Question Let $p$ and $q$ be primes with $p<q$. Prove that a non-abelian group of order $pq$ has a nonnormal subgroup of index $q$, so there there eixists and injective homomorphism into $S_q$

First I prove a Lemma:

If $H\triangleleft G$, then for every conjugacy class $\mathcal{K} \subseteq H$ or $\mathcal{K} \cap H = \emptyset$.

proof:
If $x\in K\cap H$, then $gxg^{-1} \in gHg^{-1}$ for all $g\in G$. Since $H$ is normal $gHg^{-1}=H$, so that $H$ contains all the conjugates of $x$,i.e., $\mathcal{K} \subseteq H$ (Dummit and Foot, 4ed, pg 127).

Here's my attempt on the question:

proof:
Let $G$ be a group such that $|G|=pq$ and $p<q$. Then $G \cong \mathbb{Z}_{pq}$, and so $G$ has two subgroups, say $H$ and $K$, of orders $p$ and $q$, respectively. 'Suppose that $H$ is a subgroup in $G$ of order $p$; a subgroup $K$ of order $q$ exists in $G$ by Cauchy (Nicky Hekster).' Also, by Lagrange, $H=\langle x \rangle$ and $K=\langle y \rangle$ for some $y,x \in G$. Since $p$ is the smallest prime that divides the order of $G$ and $|G:K|=p$, then $K\triangleleft G$ (by some theorem).

Suppose, by contradiction, that $H\triangleleft G$. Then for $x^i \in H$, $gx^ig^{-1}=x^k \in H$ for all $g\in G$. So $H\subseteq \mathcal{O}_{x^i}$ (the conjugacy class of $x_i$). Since $|x^i|$ divides $p$, then $x_i\not \in K$. Thus $\mathcal{O}_{x_i} \not \subseteq K$. Also, since $e=x^p$ and $gx^pg^{-1}=e$, then $e\in \mathcal{O}_{x_i}$. Thus $\mathcal{O}_{x_i} \cap K \neq \emptyset$. Therefore $K$ is not normal in $G$, which is absurd.
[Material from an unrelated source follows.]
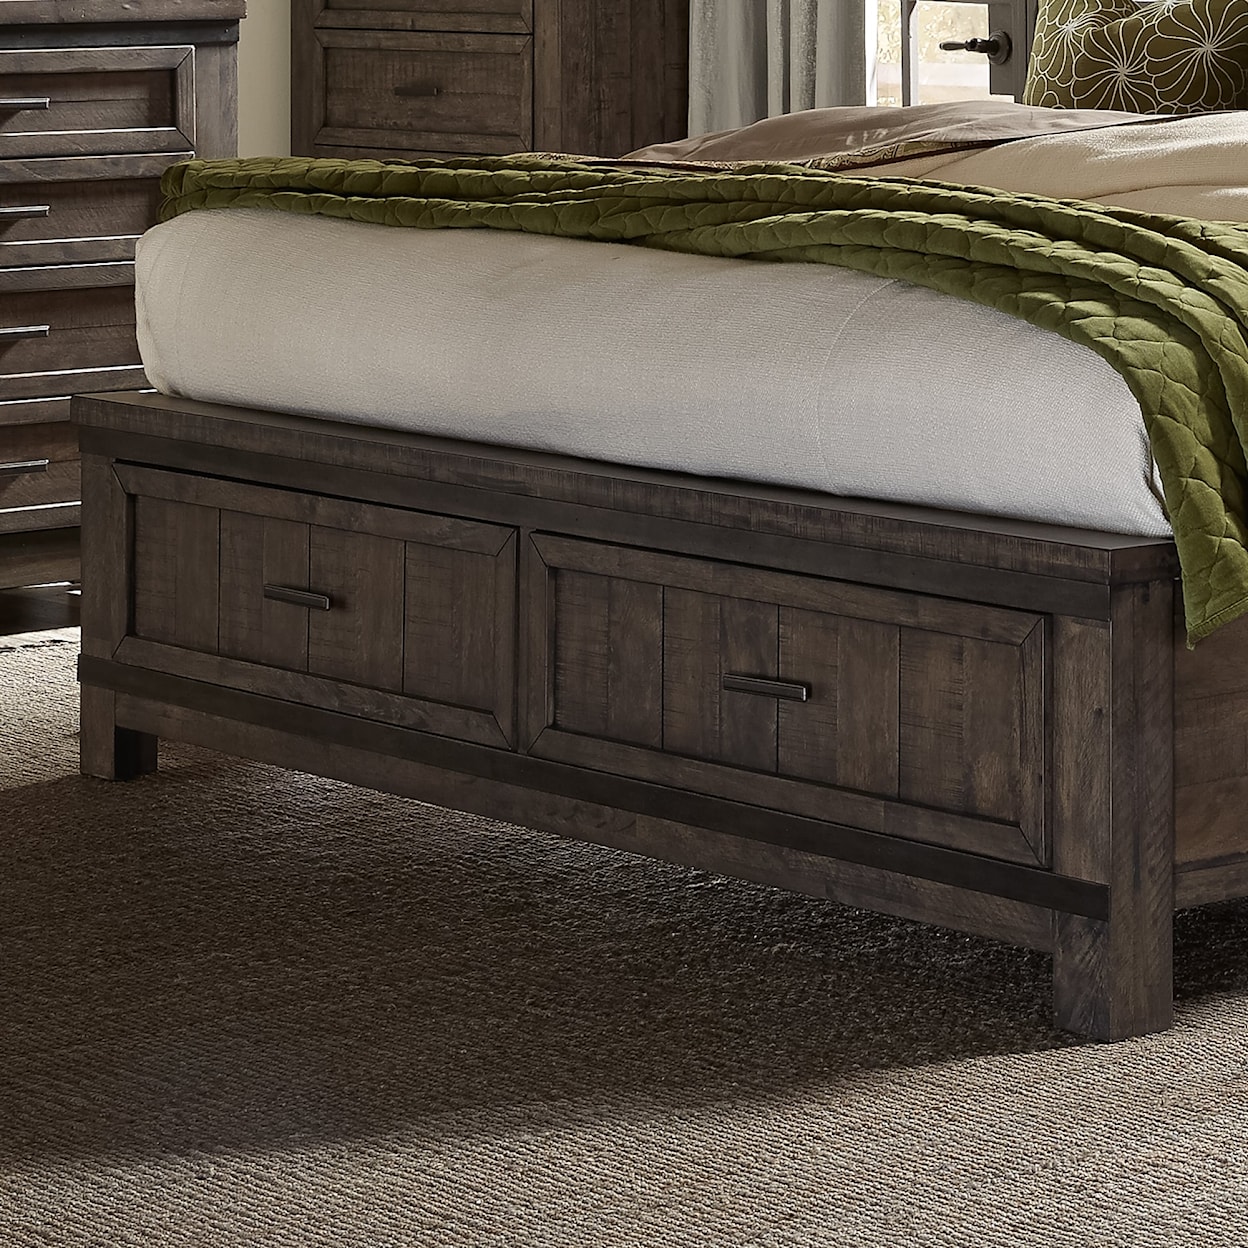 Libby Thornwood Hills 2-Drawer Queen Storage Bed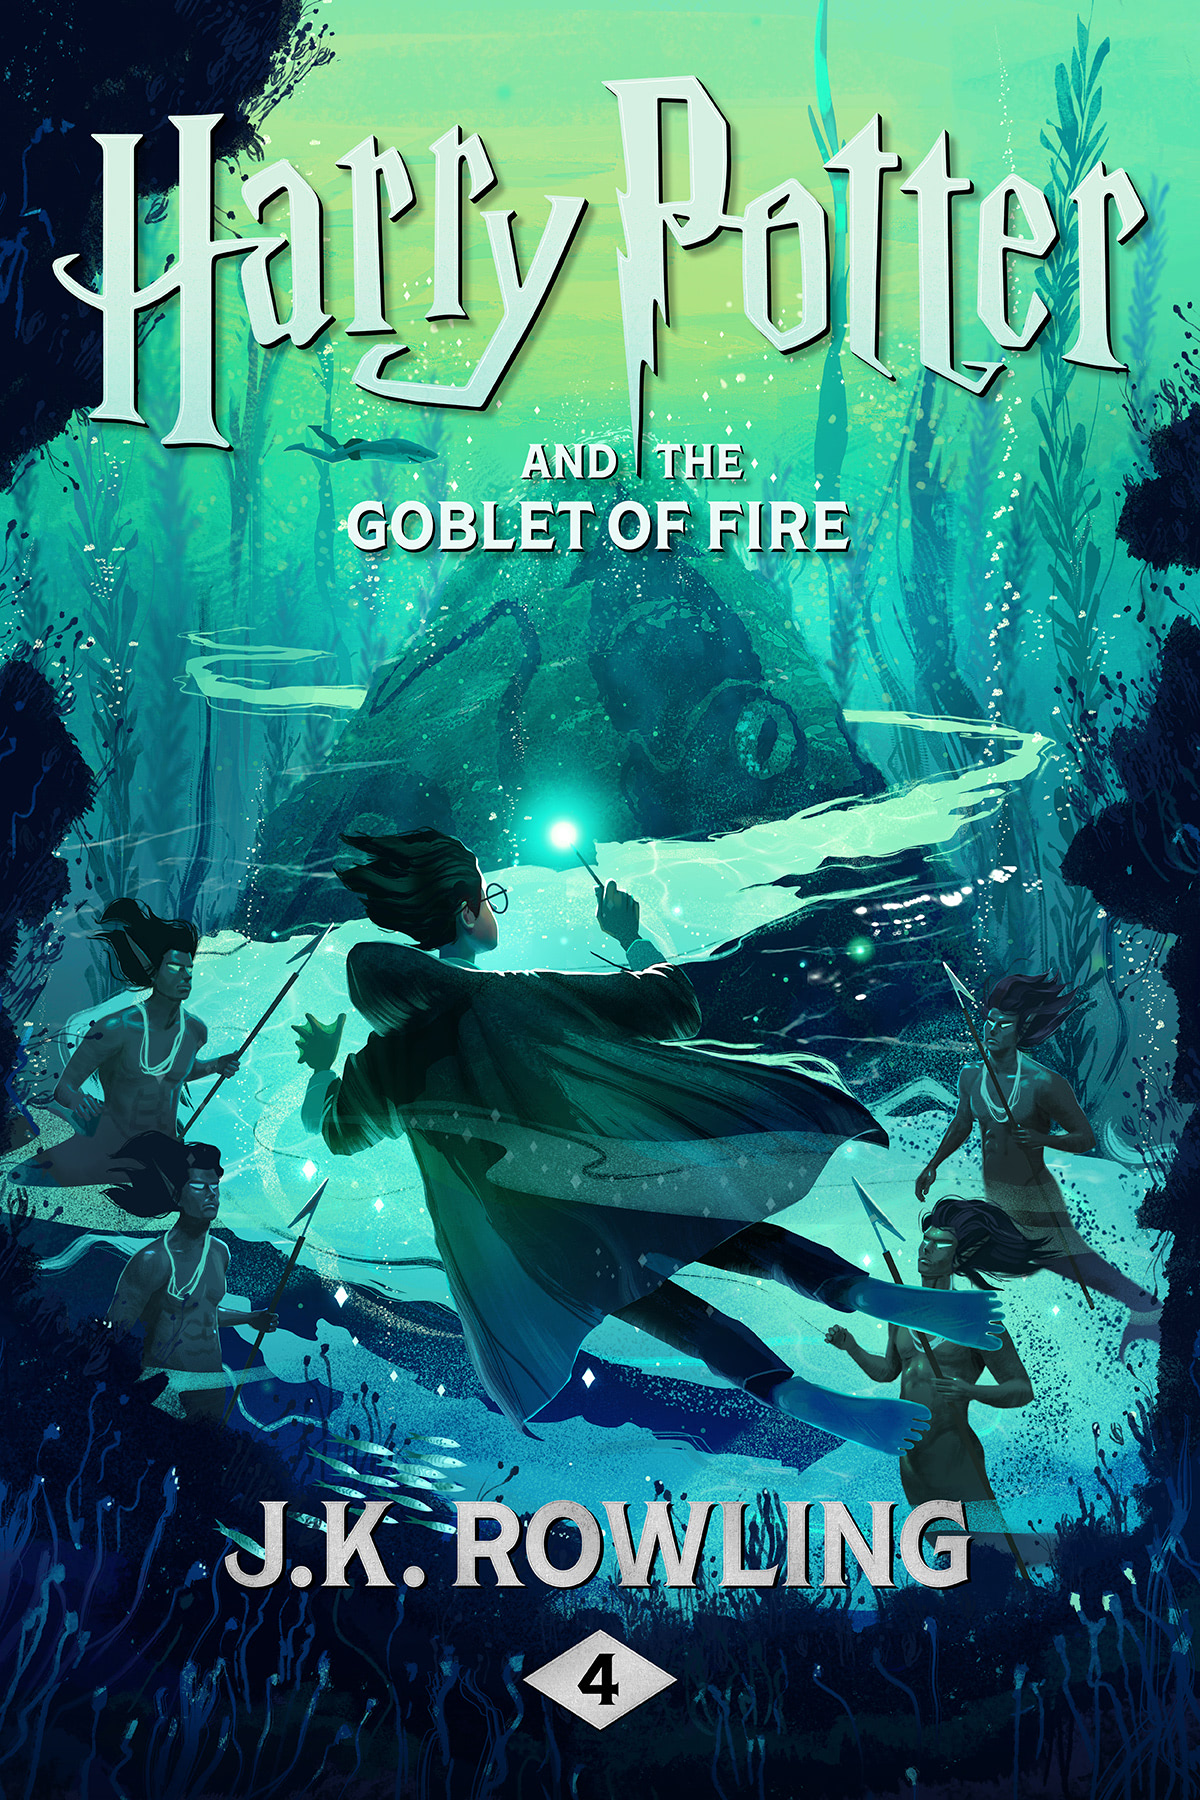 ‘Goblet of Fire’ 2022 Pottermore eBook/audiobook cover

Now let $\phi: G \rightarrow S_q$ be the permutations representation afforded by the action of $G$ on $A=G/H$ by left multiplication -- say $\pi_g:A\rightarrow A$ defined by $aH\mapsto gaH$ for all $g\in G, \; aH\in A$. We know that $\ker \pi_g \leq H$ and $\ker \pi_g \triangleleft G$. Since $|H|=p$, then $|\ker \pi_g|=p$ or $|\ker \pi_g|=1$. If $|\ker \pi_g|=p$, then $\ker \pi_g$ is not normal in $G$. Therefore, $|\ker \pi_g|=1$. Since $\ker \pi_g=\ker \phi$, then $\phi$ must be injective.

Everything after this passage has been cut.